Osler also noted, “He who studies medicine without books sails an uncharted sea, but he who studies medicine without patients does not go to sea at all.” He could be talking to pastors about books, study, and people! Our calling is about God and people – all the other things we are skilled in, even the handling of the Word, are means to helping people love God.
Let me encourage you to allow Jesus’ people to fascinate you and interest you. Call on your best resources to aid the flock, rather than seeing ‘church’ as an organisation you have to just run week after week.
Keep recalling the purpose of all of you do as a pastor – to present this bride to Jesus – who loves his bride infinitely and for all eternity. What a wonderful moment that will be! Purpose is also one of the things we need for our own wellbeing.
Remember to look after your whole self
There are some things we can do to care for ourselves better. Practice a good diet, get regular exercise and keep up patterns of sleep. Revisit purpose and enjoy relationships. The pandemic may have cut some of these things down or led to poor habits developing. Take time to redevelop them.
Do not neglect that healthy trait of having wider interests and hobbies. Lloyd-Jones always maintained his interest in medicine – he would read the British Medical Journal on Saturdays to keep his mind fresh. Just don’t get stuck in the study all the time, hooked onto a computer! Add some fun and downtime.

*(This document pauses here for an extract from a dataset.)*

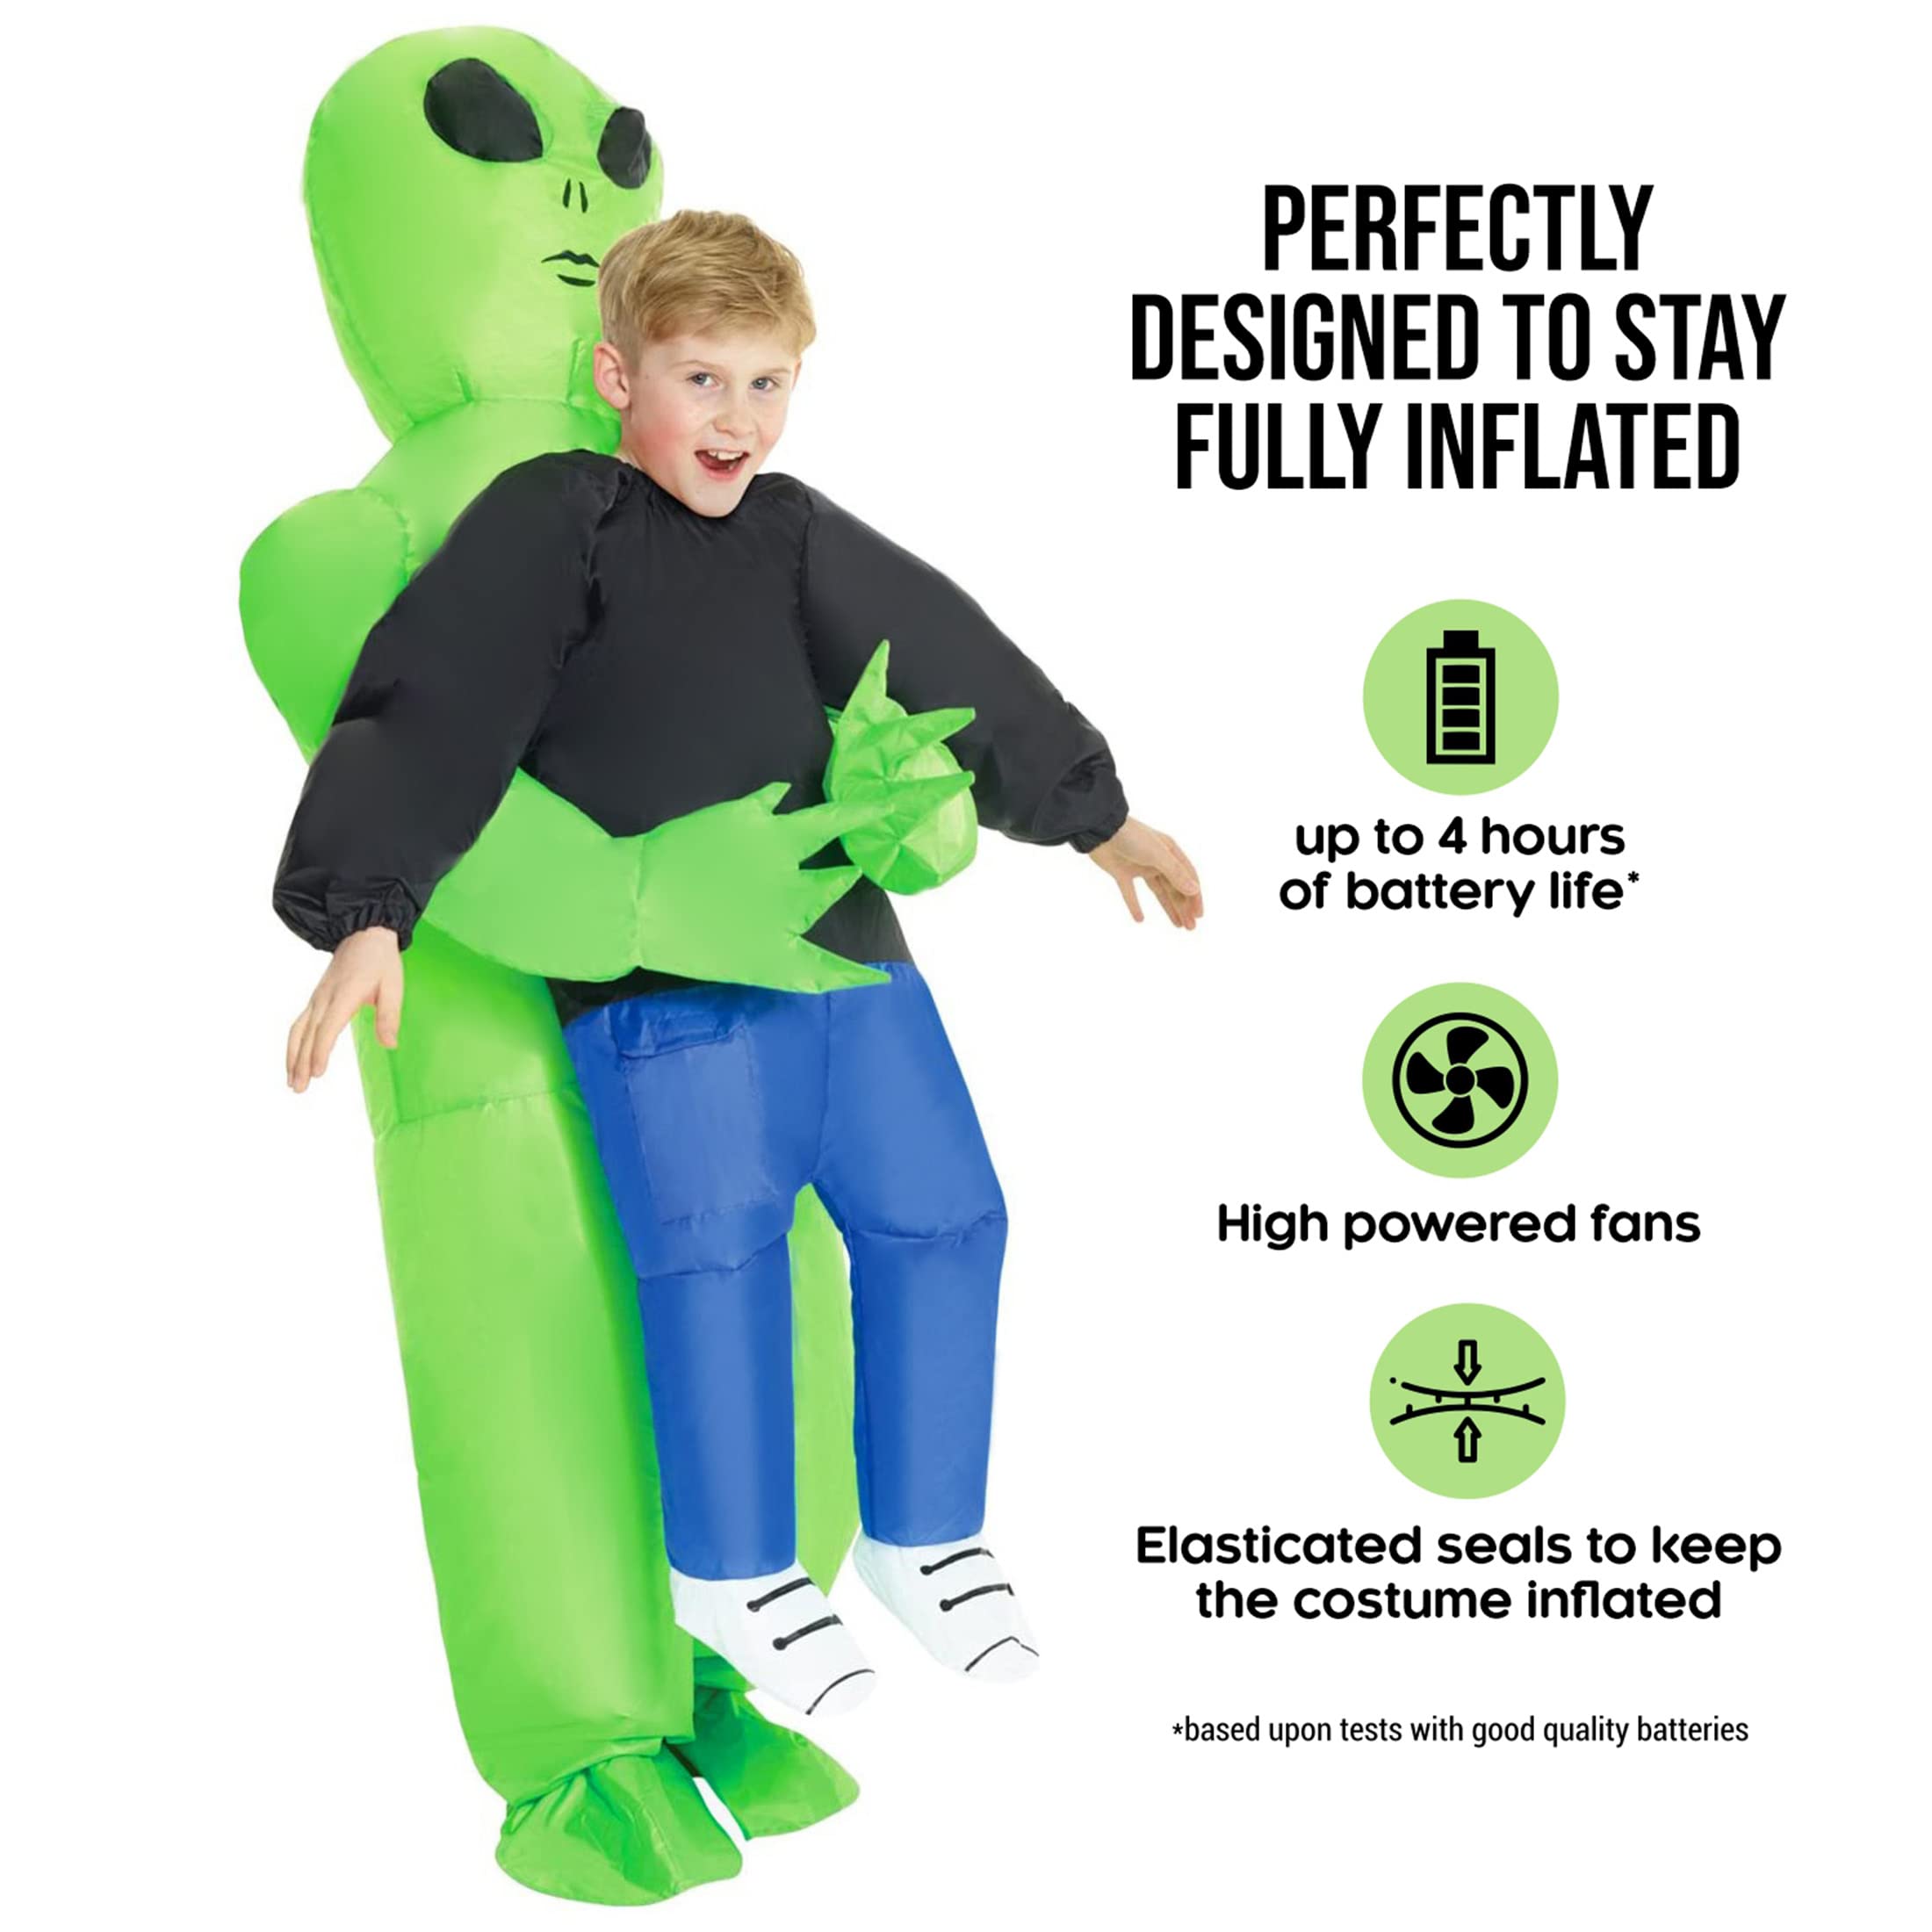 Morph Green Inflatable Alien Costume Kids Inflatable Costumes For Kids Blow Up Halloween Costumes For Kids Boys Girls

I remember the late Bob Horn, first editor of Evangelicals Now, telling me to keep playing hockey “for as long as I can”. I’m still going!
You won’t be much good at helping others if you don’t look after the whole of you, and the whole of your family.
In conclusion, I hope that my doctor friend’s wisdom about acute and chronic will encourage you to be the pastor-teachers God wants you to be, helping those who are soldiering on to their eternal home. It has certainly helped me.